● **Given records**:

------

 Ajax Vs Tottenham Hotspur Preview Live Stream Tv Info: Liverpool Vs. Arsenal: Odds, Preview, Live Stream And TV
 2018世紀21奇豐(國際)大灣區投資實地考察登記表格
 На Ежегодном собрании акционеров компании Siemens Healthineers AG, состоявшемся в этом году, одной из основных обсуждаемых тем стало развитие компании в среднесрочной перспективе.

------

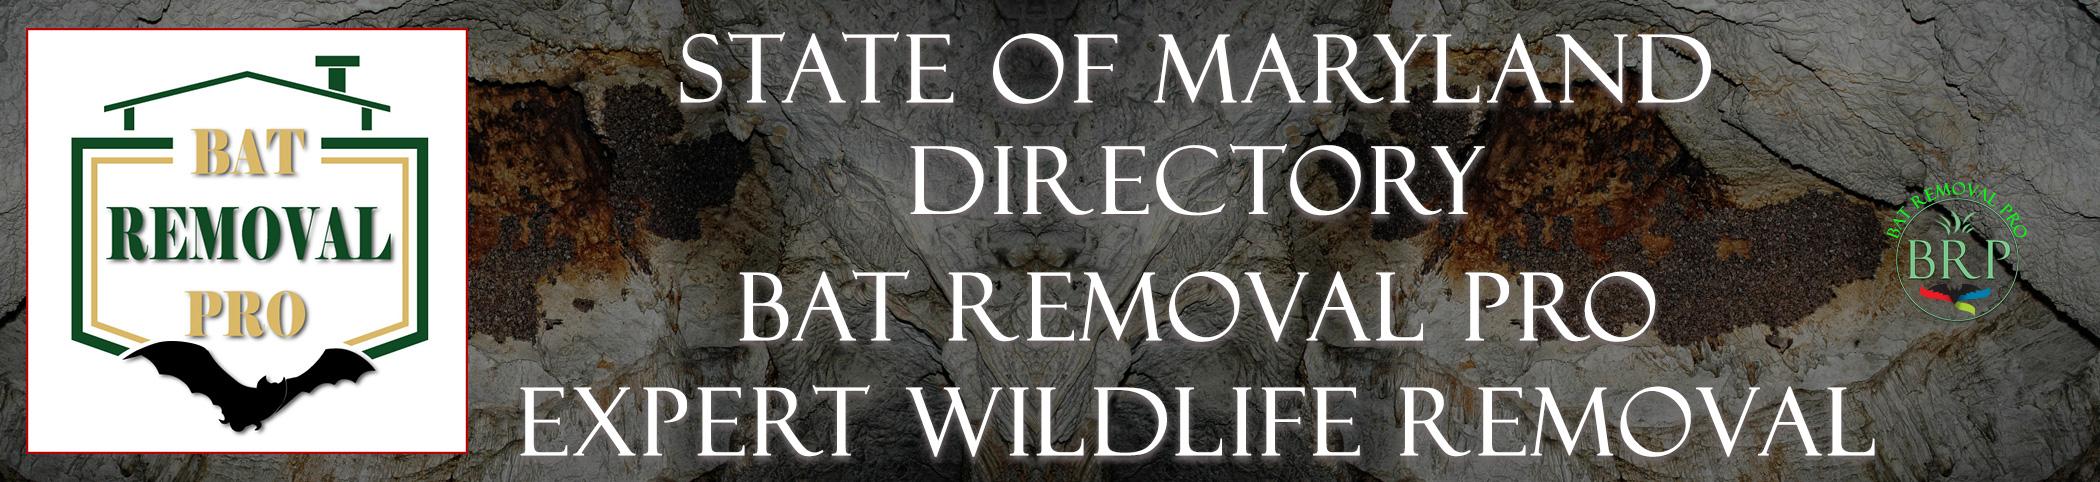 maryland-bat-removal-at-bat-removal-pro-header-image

------

● **What you will do**: Your answer should be the lines of the listing above between the line holding "Ajax Vs Tottenham" and the line holding "На Ежегодном собрании", inclusive, restated word for word and alone.

● **Your solution**:
 Ajax Vs Tottenham Hotspur Preview Live Stream Tv Info: Liverpool Vs. Arsenal: Odds, Preview, Live Stream And TV
 2018世紀21奇豐(國際)大灣區投資實地考察登記表格
 На Ежегодном собрании акционеров компании Siemens Healthineers AG, состоявшемся в этом году, одной из основных обсуждаемых тем стало развитие компании в среднесрочной перспективе.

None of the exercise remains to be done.